Support threshold custody for validators

[plaidfinch]

This PR finishes #3813, adding support for signing validator definitions and votes to the threshold custody backend, as well as widening the general interface for custody backends to permit any backend to support these operations.

Status: @cronokirby and I walked through this and determined that it does work after all, the UX is just a little unfortunate when multiple calls to threshold custody backend are required to broadcast a single transaction (as in the case with validator custody). But it works!

[plaidfinch]

The protobuf lint failure is because I made CoordinatorRound1 a true oneof, which I believe should be a backwards compatible change because it's a new oneof with one field moved into it, but because the proto lint doesn't know it's a new oneof, I think it's complaining. This is per suggestion of @hdevalence.

Here are all the scenarios I'd ideally like to test:

• softkms, no separate governance key
• threshold, no separate governance key
• softkms, softkms governance key
• threshold, softkms governance key
• softkms, threshold governance key
• threshold, threshold governance key

Ideally, we would have an integration test for each, exercising all of:

• send a normal transaction
• vote as a validator
• update a validator definition

@cratelyn how feasible do you think it would be to set up such tests?

[cratelyn]

Ideally, we would have an integration test for each, exercising all of:

* send a normal transaction 
* vote as a validator
* update a validator definition

@cratelyn how feasible do you think it would be to set up such tests?
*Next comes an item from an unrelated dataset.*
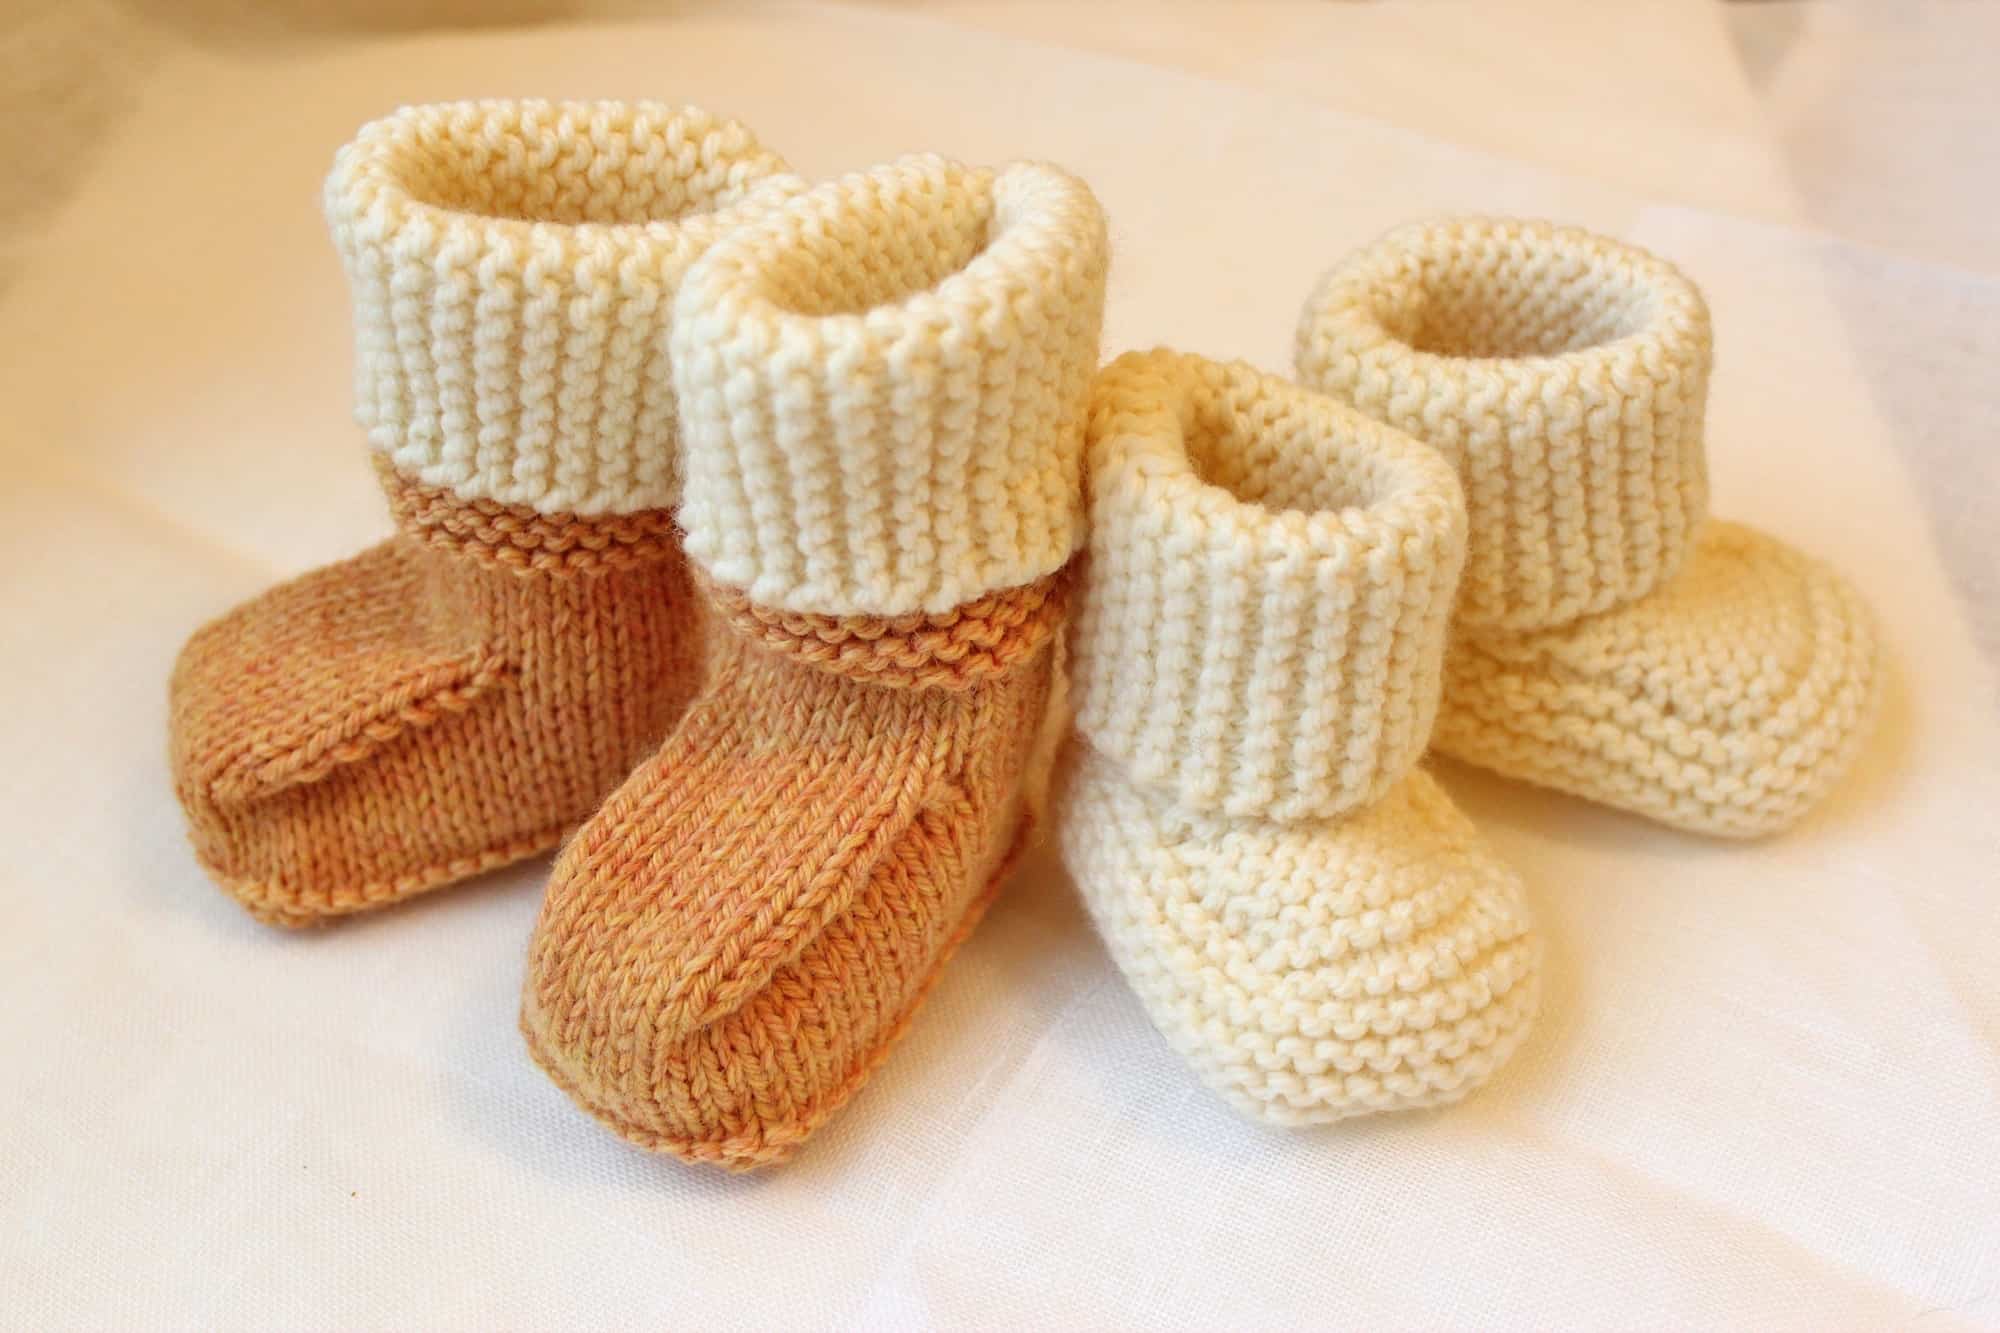 36 Casual Crochet knitting baby shoes for Girls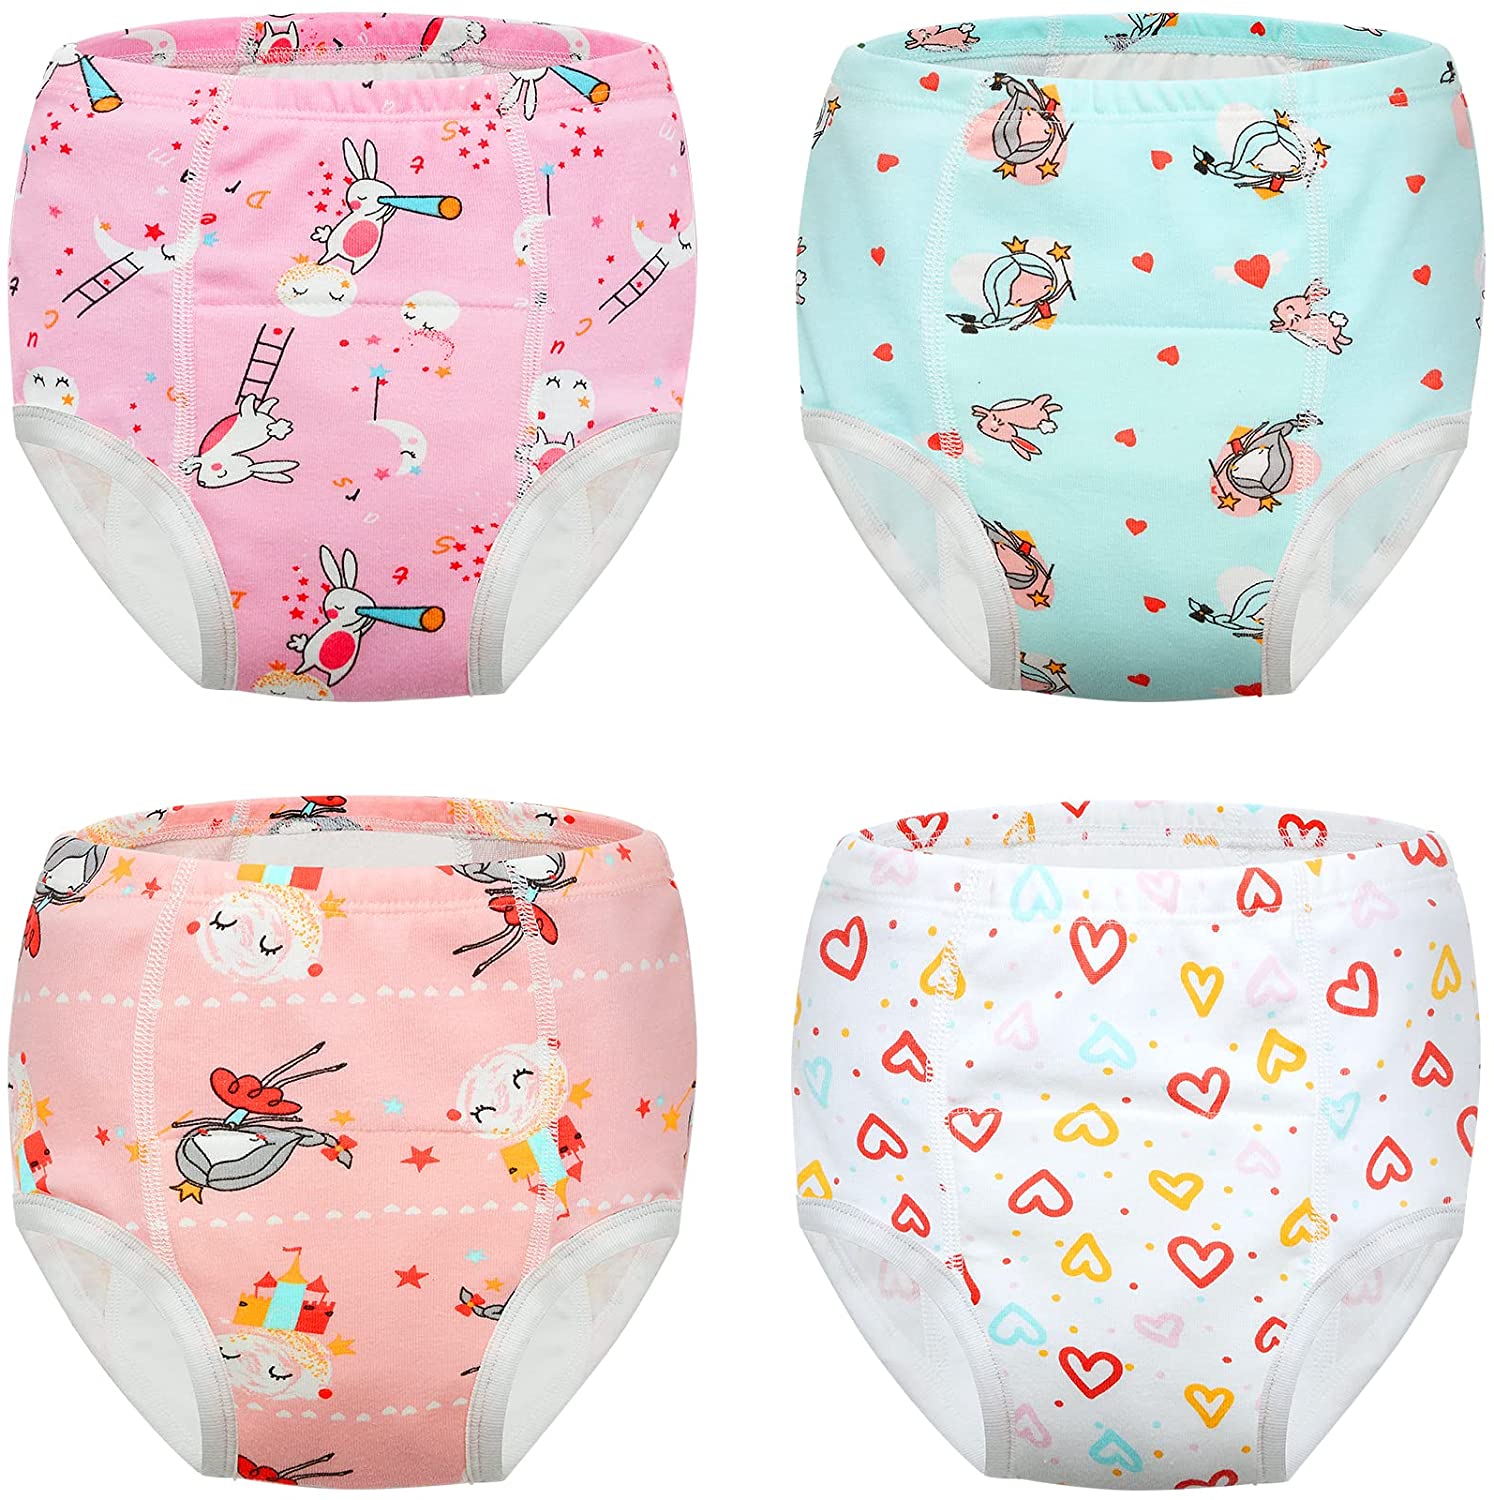  6 Packs Absorption Toddler Training Underwear For Girls 3T  Cotton Reusable Potty Training Underwear For Girls 3T Girl Underwear Potty Training  Pants

@plaidfinch that sounds very feasible! check out https://github.com/penumbra-zone/penumbra/blob/main/crates/core/app/tests/mock_consensus_staking.rs#L29-L52

that test creates a validator, and (un)delegates to it.

#3913 and #3973 track the work to integrate the view server into these tests, which should further streamline the ergonomics of creating transactions in tests. you can check out the penumbra-mock-consensus library if you'd like to take a look around. it's still a work-in-progress (#3588) but this sounds absolutely like a use-case we should cover.

i'm happy to talk sometime next week, or if you'd like, feel free to file a ticket and i can take a look as part of my ongoing work in #3588.

[cronokirby]

Paired on this with @plaidfinch.

[plaidfinch]

@hdevalence I think this is ready to merge, but I need an administrative override to merge with the failing protobuf lint, which is showing that I'm making a breaking change to the threshold custody struct CoordinatorRound1: Field "1" on message "CoordinatorRound1" moved from outside to inside a oneof. This is, I believe, a spurious error, because of #3813 (comment), and moreover because the CoordinatorRound1 message is not used in consensus or in any third-party tooling yet. Further changes to support any other kind of signing (unlikely but possible) would not cause any more breakage, because you can expand the options on a oneof freely. After examining to confirm my conclusion, would you mind permitting the merge?

[hdevalence]

De-activated, merged, then re-activated the rule. Thanks!